START Input data
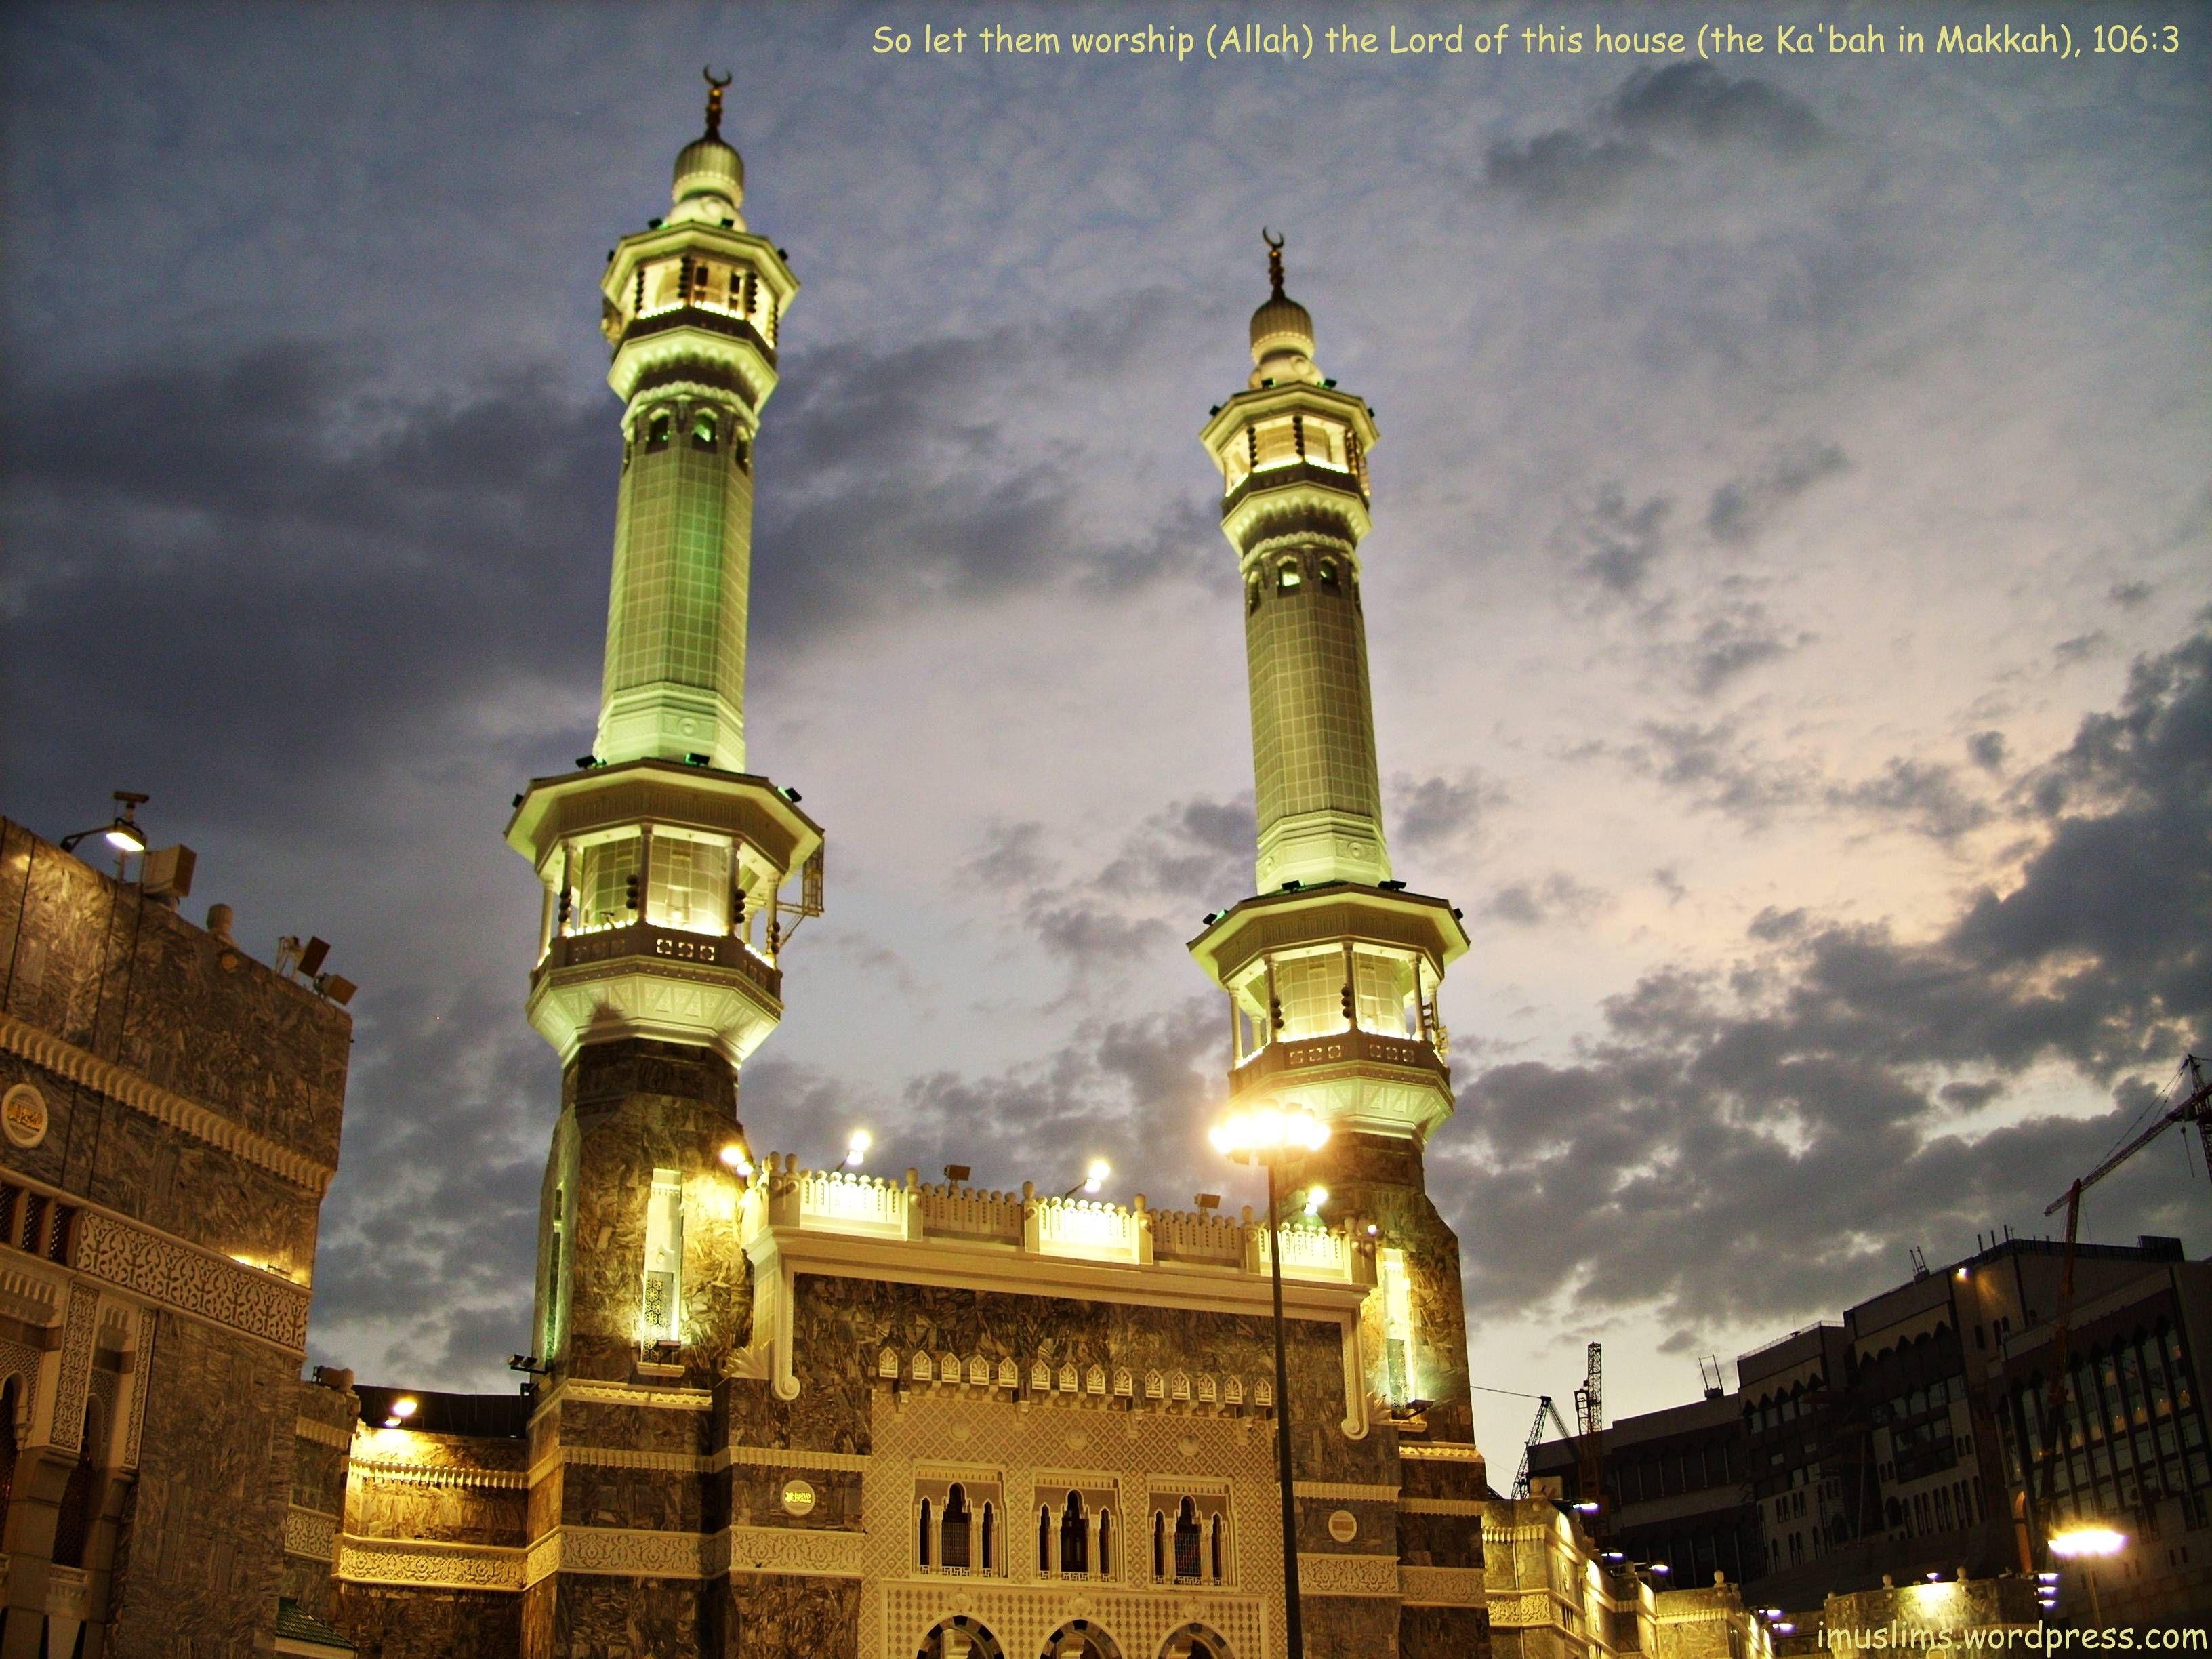 Wallpaper iphone kabah - Kabah Imuslims
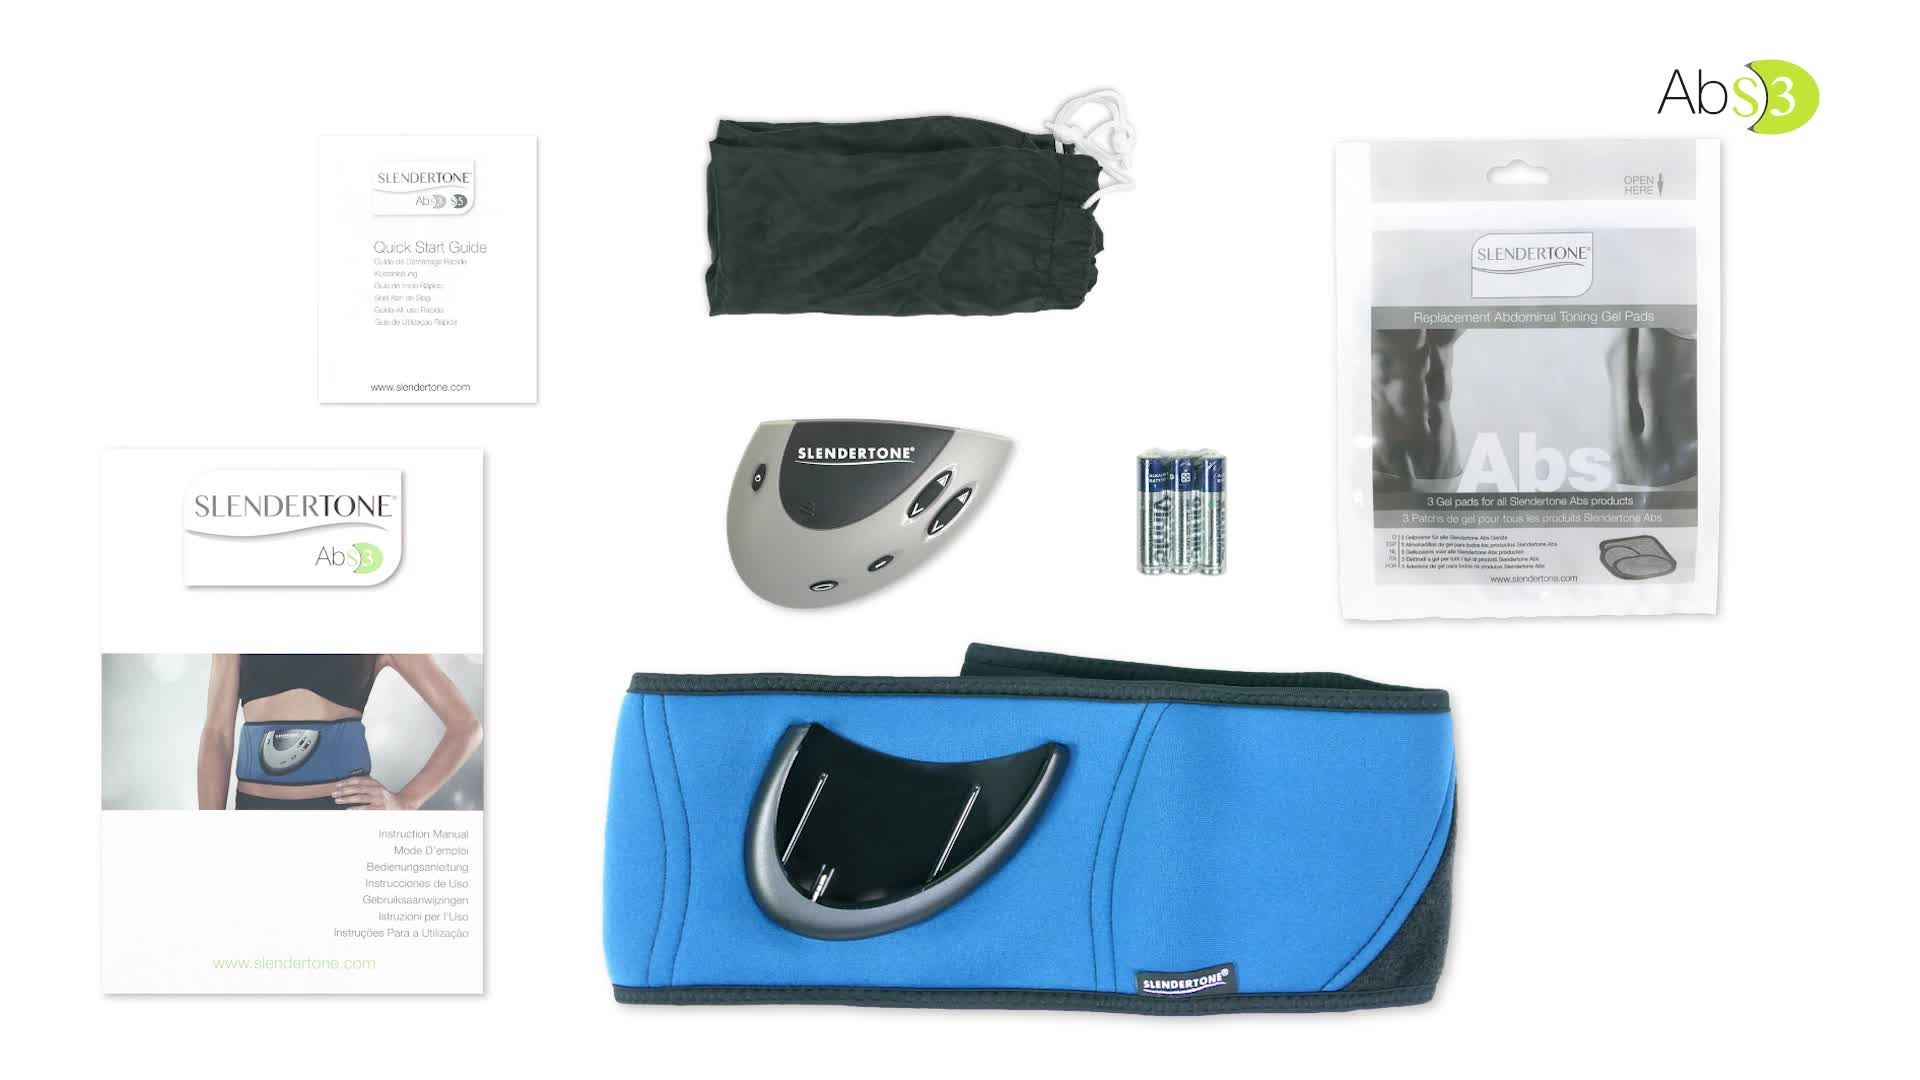 ceinture abdominale slendertone abs3 fitness equipements de sport fnac. Black Bedroom Furniture Sets. Home Design Ideas
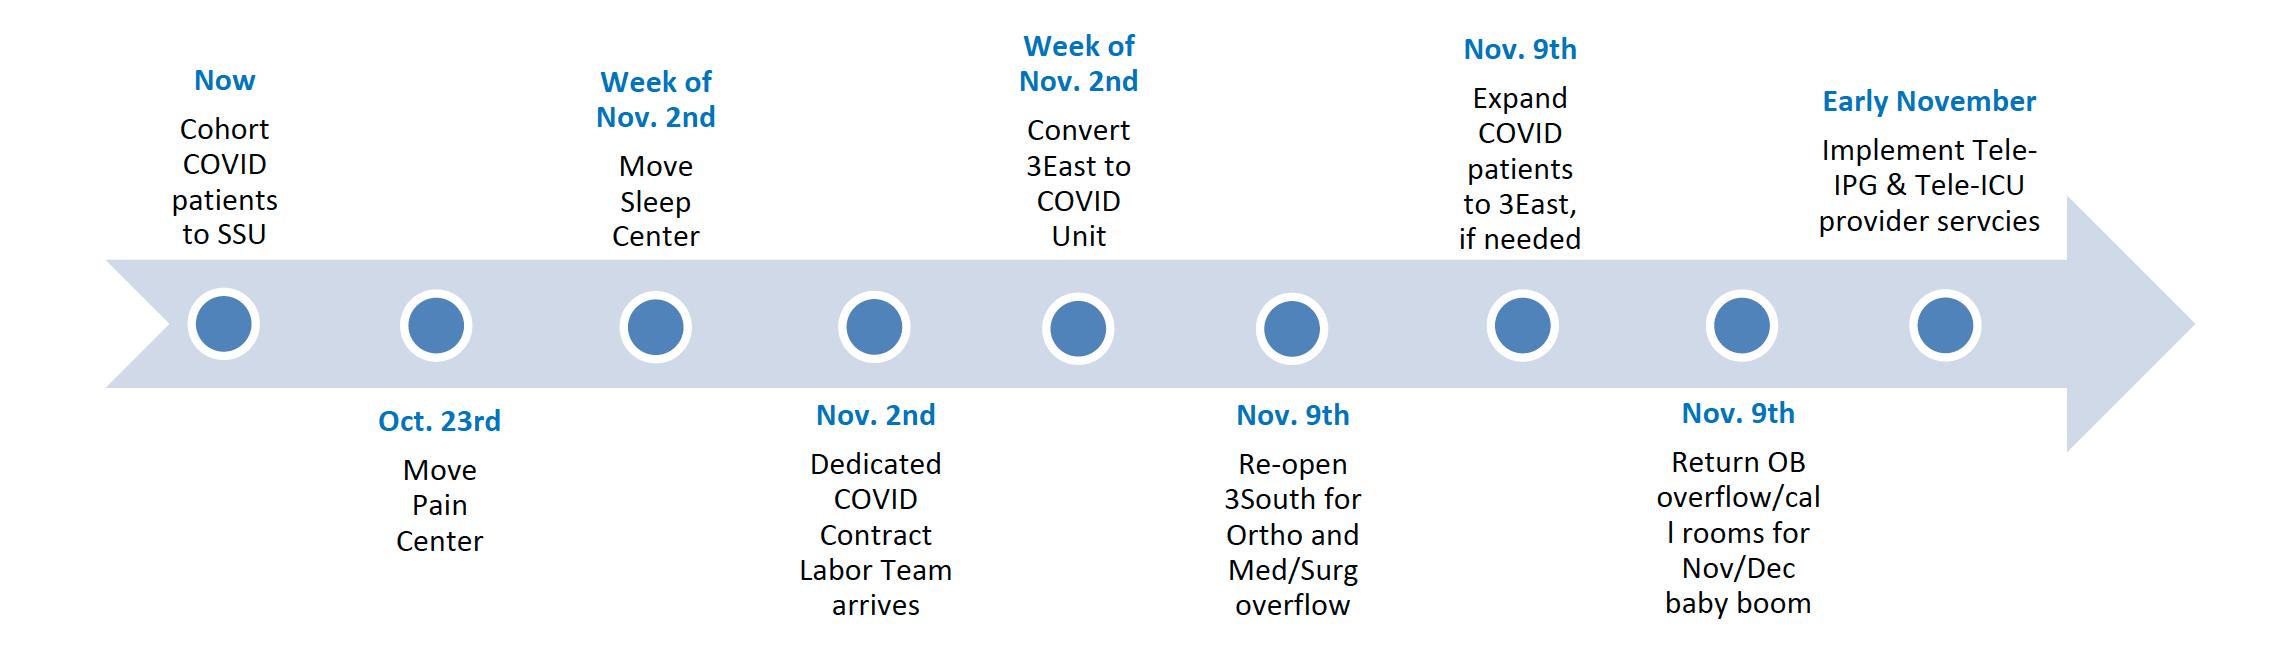 Image: COVID Staffing Plan Timeline
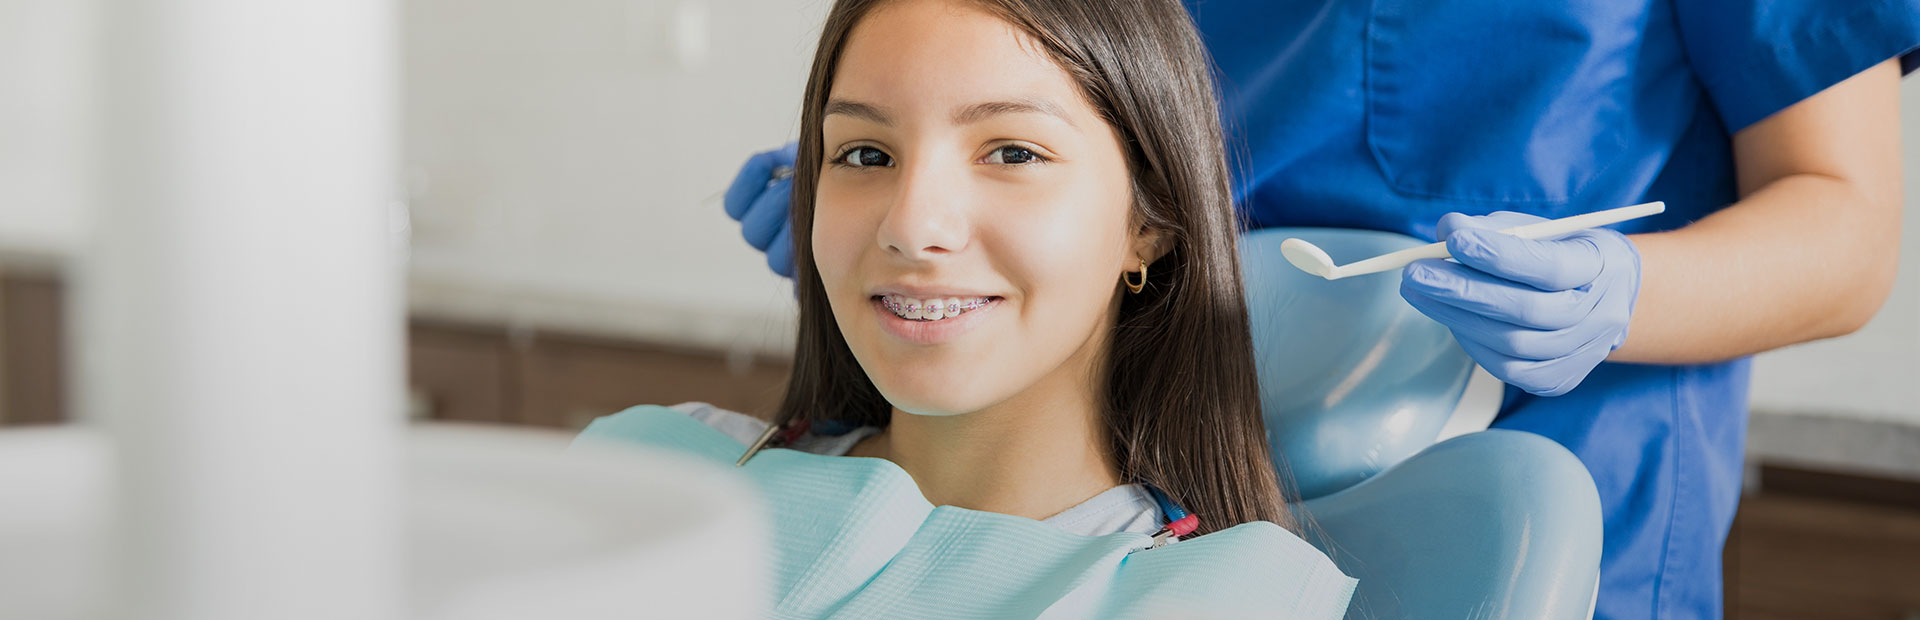 Girl smiling at the dental
END Input data
* **Task to carry out**
Exact copy, no images: rewrite the entire listing above.

* **Task response**
 Wallpaper iphone kabah - Kabah Imuslims
 ceinture abdominale slendertone abs3 fitness equipements de sport fnac. Black Bedroom Furniture Sets. Home Design Ideas
 Image: COVID Staffing Plan Timeline
 Girl smiling at the dental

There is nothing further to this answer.